Monday, June 22, 2009

Head Fake

I wish that I could have a conversation with the late Dr. Randy Pausch, the Carnegie Mellon professor of computer science and design and co-founder of the Entertainment Technology Center (ETC). Also, Dr. Pausch was the presenter of the infamous “Last Lecture.” I had some correspondence with him and the Entertainment Technology Center at Carnegie Mellon University in 2004-2005 in response to a traumatic lawn mower injury that resulted in the partial amputation of my left foot. I recognize that the traditional consumer and industrial product safety manuals were not effective in communicating how to properly use a product or equipment safely. Actually, I believe that the actual number of people who even read owner’s manuals is a very small percentage. Therefore, I shuffled to Pittsburgh on several occasions to search out the world-class Carnegie Mellon computer science, drama, psychology, and business departments to pursue my vision of edutainment yard safety software in order to educate and entertain the millions of users of outdoor power equipment how to operate yard equipment in safe manner. Furthermore, the U.S. Consumer Product Safety Commission reports that 200,000 individuals get hurt each year using outdoor power equipment. It is a serious complex problem. I remember sending emails, having conversations, and dropping-off Rescue Rick the Grass Cut Man leaflets with various individuals at Carnegie Mellon, including the Entertainment Technology Center. Despite a valiant effort of hitting several Randy Pausch “brick walls,” I learned that Carnegie Mellon launched a spin-off company called Etcetera Edutainment to focus on workplace safety applying gaming and simulation technology. I am still trying to figure-out the proverbial Randy Pausch “head fake” related to this evolution without me. Rescue Rick the Grass Cut Man is a yard safety super hero that is here today so that yard accidents go away. I wish that I could talk with Dr. Randy Pausch because I know that he would tell me the truth and be fair with me regarding my concerns. Why the brick wall? What is the head fake? Also, I have pasted a wonderful story about Dr. Randy Pausch and his Last Lecture that appeared on the The Tartan Online (Carnegie Mellon newspaper) website http://www.thetartan.org/2007/9/24/news/pausch

Randy Pausch: How to achieve your dreams. Professor tells students to never give up, despite the odds.

News Tara Moore

Within the first few statements of his lecture, titled “Really Achieving Your Childhood Dreams,” Randy Pausch illustrated that he plans to live the time he has left to the fullest. “We can’t change the cards we are dealt, just how we play the hand. If I’m not as depressed as you think I should be, I’m sorry to disappoint you,” said Pausch, who was diagnosed a little over a year ago with pancreatic cancer.

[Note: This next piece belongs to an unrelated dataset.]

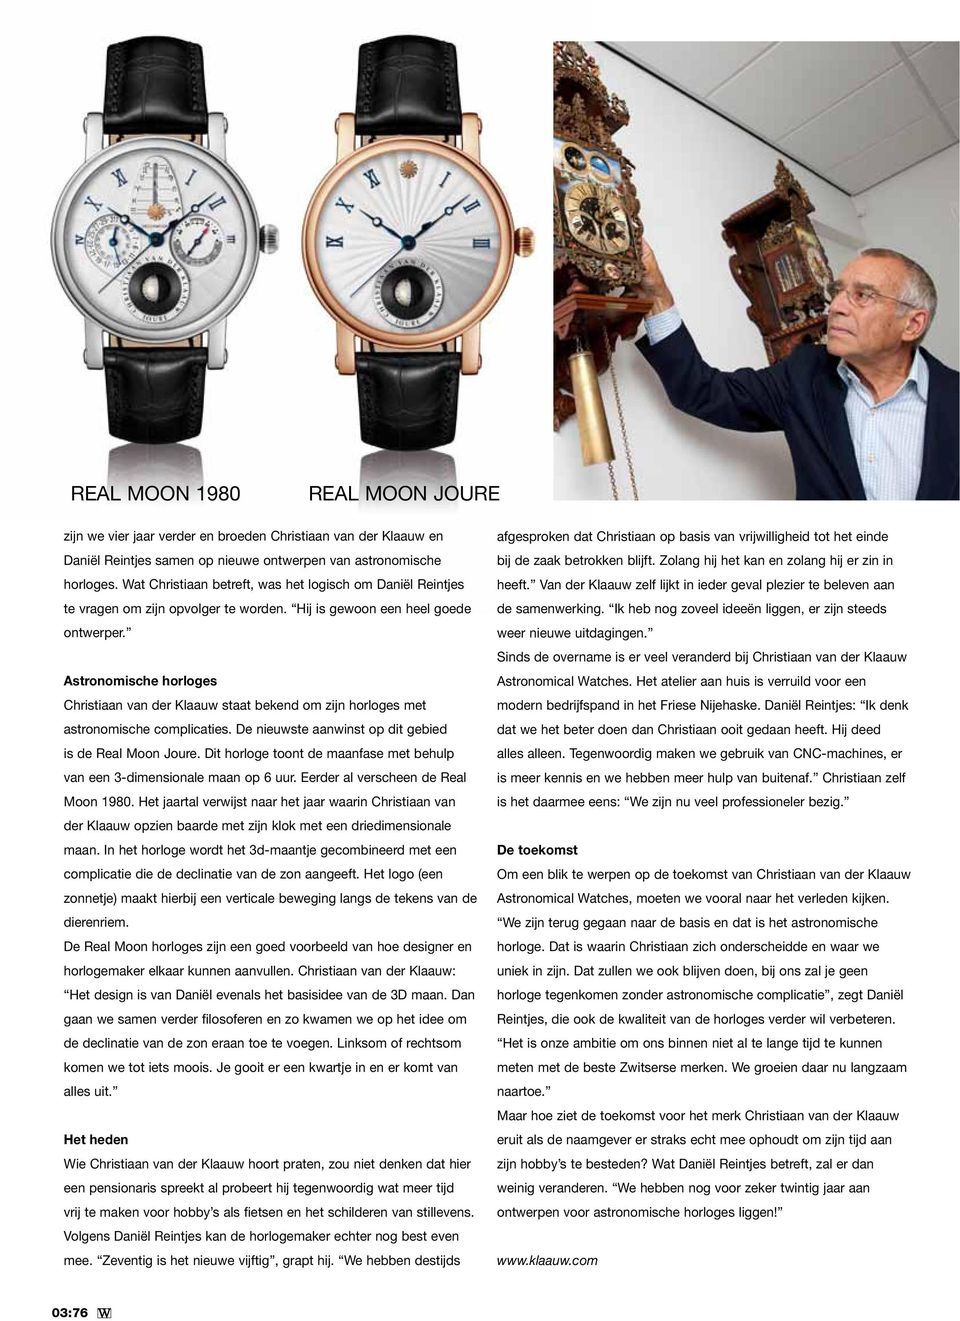 Astronomische horloges Christiaan van der Klaauw staat bekend om zijn horloges met astronomische complicaties. De nieuwste aanwinst op dit gebied is de Real Moon Joure.

Doctors recently told him he only has five months to live.

Pausch, a professor of computer science and design and co-founder of the Entertainment Technology Center (ETC), stressed that everyone can achieve their childhood dreams if they try hard enough, but that it is more important to help others achieve their dreams also.

The lecture contained both humor and wisdom as Pausch explained that others can get past the “brick walls” (things that get in the way of their dreams), just as he did, and, like him, achieve all their goals.

Pausch’s determination to help others is reflected in the impact he has had on his students and all students who went through the ETC program. Laura Pliskin, who will graduate in December with a master’s degree in entertainment technology, said she might still be working in retail were it not for Pausch, though she never had him as a professor.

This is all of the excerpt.